Based on the analysis of complete cytochrome b sequences, LeDuc et al. (1999) suggested placing the northern right whale dolphins (together with Lagenorhynchus spp. and Cephalorhynchus spp.) into the subfamily Lissodelphinae. However, the evolutionary relationships of Delphinidae, especially within and among the Lissodelphinae, have not been resolved unambiguously, yet. This is because the family Delphinidae contains a high number of different species, which radiated fairly rapidly.

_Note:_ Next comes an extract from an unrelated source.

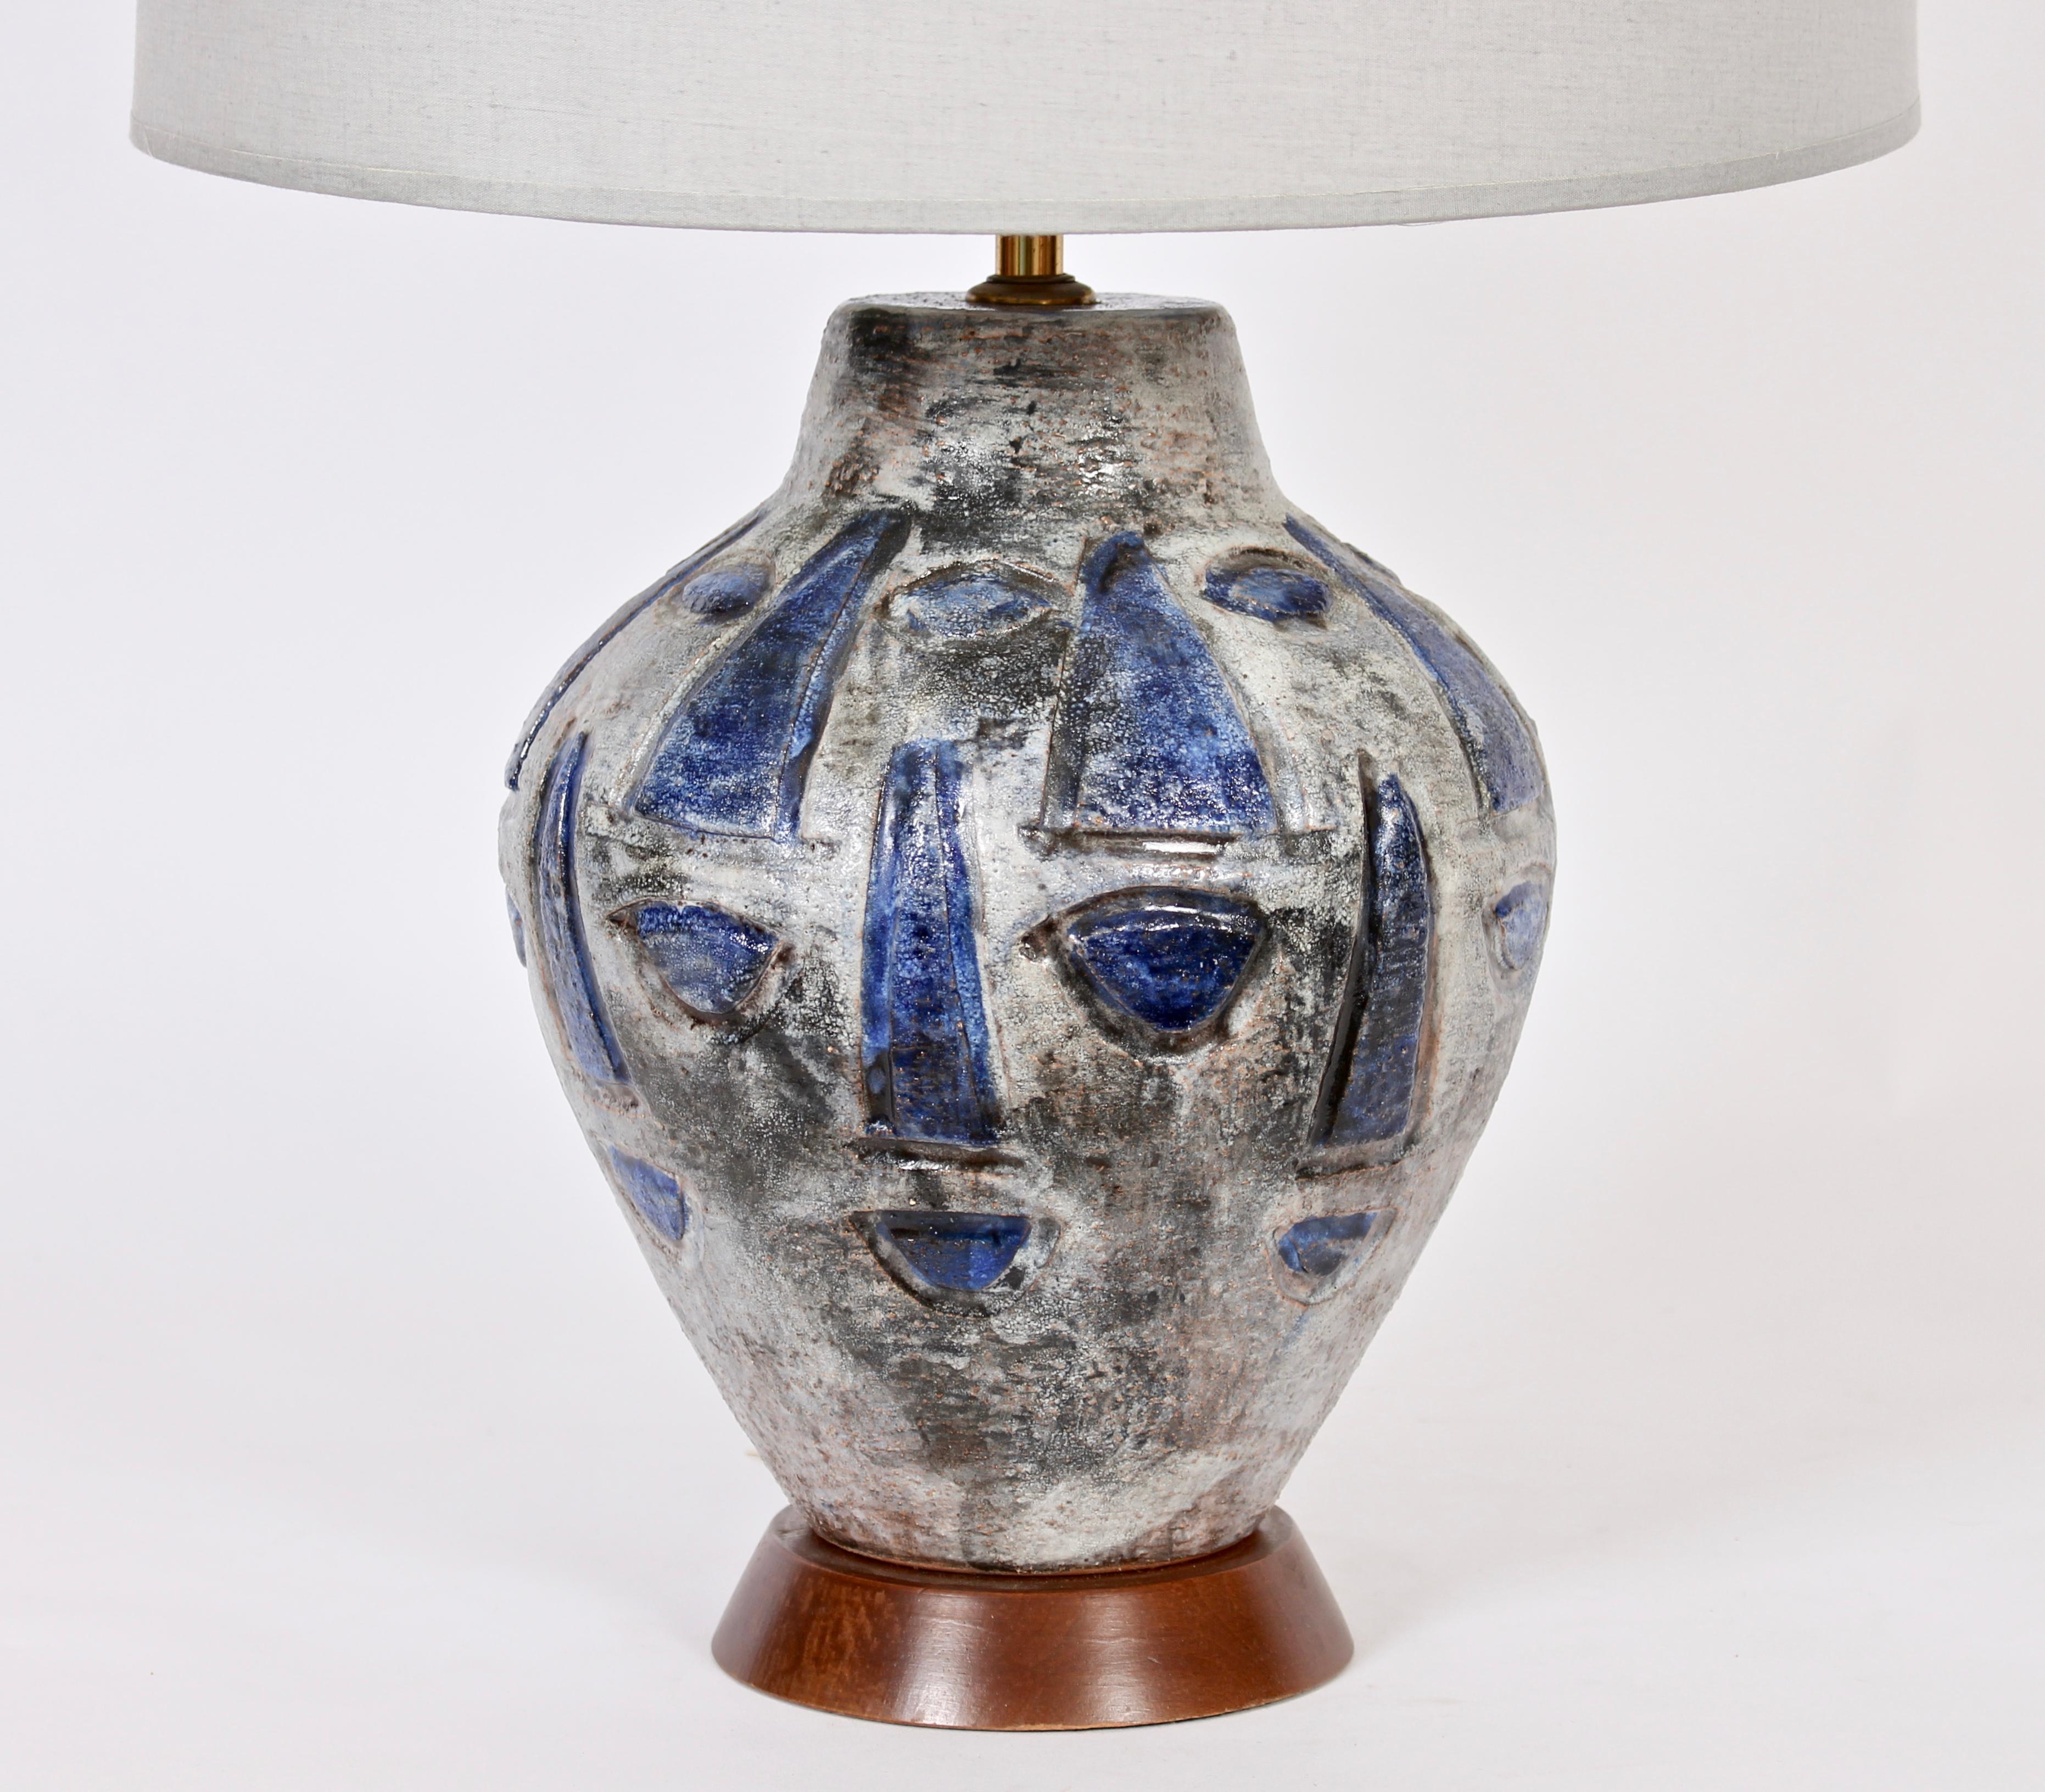 Lively Scandinavian Modern Incised Glazed Ceramic Table Lamp. Featuring a sculptural neutral Gray painted jug form with hand crafted highlighted abstract design lined in Black with Bright Blue oval and triangular shapes. On Walnut base. 17H to top

Genetically, no statistically significant differences have been found between northern right whale dolphins from the US coast and other regions within the North Pacific.

==Population status==
It is estimated that a total of around 68,000 northern right whale dolphins inhabit the Pacific Ocean. Of those, around 26,000 (the geometric mean of their abundance estimates in US waters during 2008–2014) are placed into the California/ Oregon/ Washington stock for management purposes. Their minimum population estimate is around 18,600. Their abundances and distributions along the US coast do not only vary seasonally but also interanually, making the identification of population trends difficult.

==Threats==

In the 19th century, whalers occasionally took northern right whale dolphins. In the mid-20th century, the largest threat for L. borealis were drift nets used for large-scale squid fishing. The bycatches of L. borealis during these activities, which were mainly led by Japan, Taiwan and Korea, amounted to up to 24,000 per year in the 1980s. This is thought to have reduced the stock in this area by one- to three-quarters.

It is thought that in contrast to coastal areas, the offshore habitat of the northern right whale dolphin is generally less susceptible to human pollution. However, only very few studies have actually investigated the effect of pollution on L. borealis. A study estimating polychlorinated biphenyls (PCBs) in cetaceans of the North Pacific, measured PCBs in one individual of northern right whale dolphins and found high levels of PCBs in its system.

Natural predators of Lissodelphis borealis are unknown, but may include the killer whale (Orcinus orca) and large sharks. Stranding events are uncommon in this species.

Since northern right whale dolphins rely on sound for communication, feeding and orientation, anthropogenic underwater noise pollution, such as vessel or military noise production, disturbs them.

==Conservation status==

Although the current population trend is unknown, the conservation status according to the IUCN Redlist is Least Concern.

International trade in the species is regulated by the Convention on International Trade in Endangered Species (CITES) as the dolphin is listed in CITES Appendix II. The International Whaling Commission (IWC) has not yet regulated the taking of these odontocetes.

In Canada, the 1982 Cetacean Protection Regulations of the Fisheries Act of Canada prohibit hunting of L. borealis and other related species. The exception to this rule are aboriginal peoples, who are allowed to take whales for subsistence purposes. In the United States, all cetaceans are protected under the Marine Mammal Protection Act of 1972, as well as through the Packwood – Magnuson Amendment of the Fisheries and Conservation Act, and the Pelly Amendment of the Fisherman's Protective Act.

One of the most effective conservation measures for L. borealis was the U.N. ban on the high-seas driftnet fisheries. The California/Oregon driftnet fishery has been required by law to use pingers (devices that deliver an acoustic warning into the water column) to help reduce the bycatch of other cetaceans, but bycatch reduction for L. borealis was not found to be statistically significant, perhaps due to low sample sizes.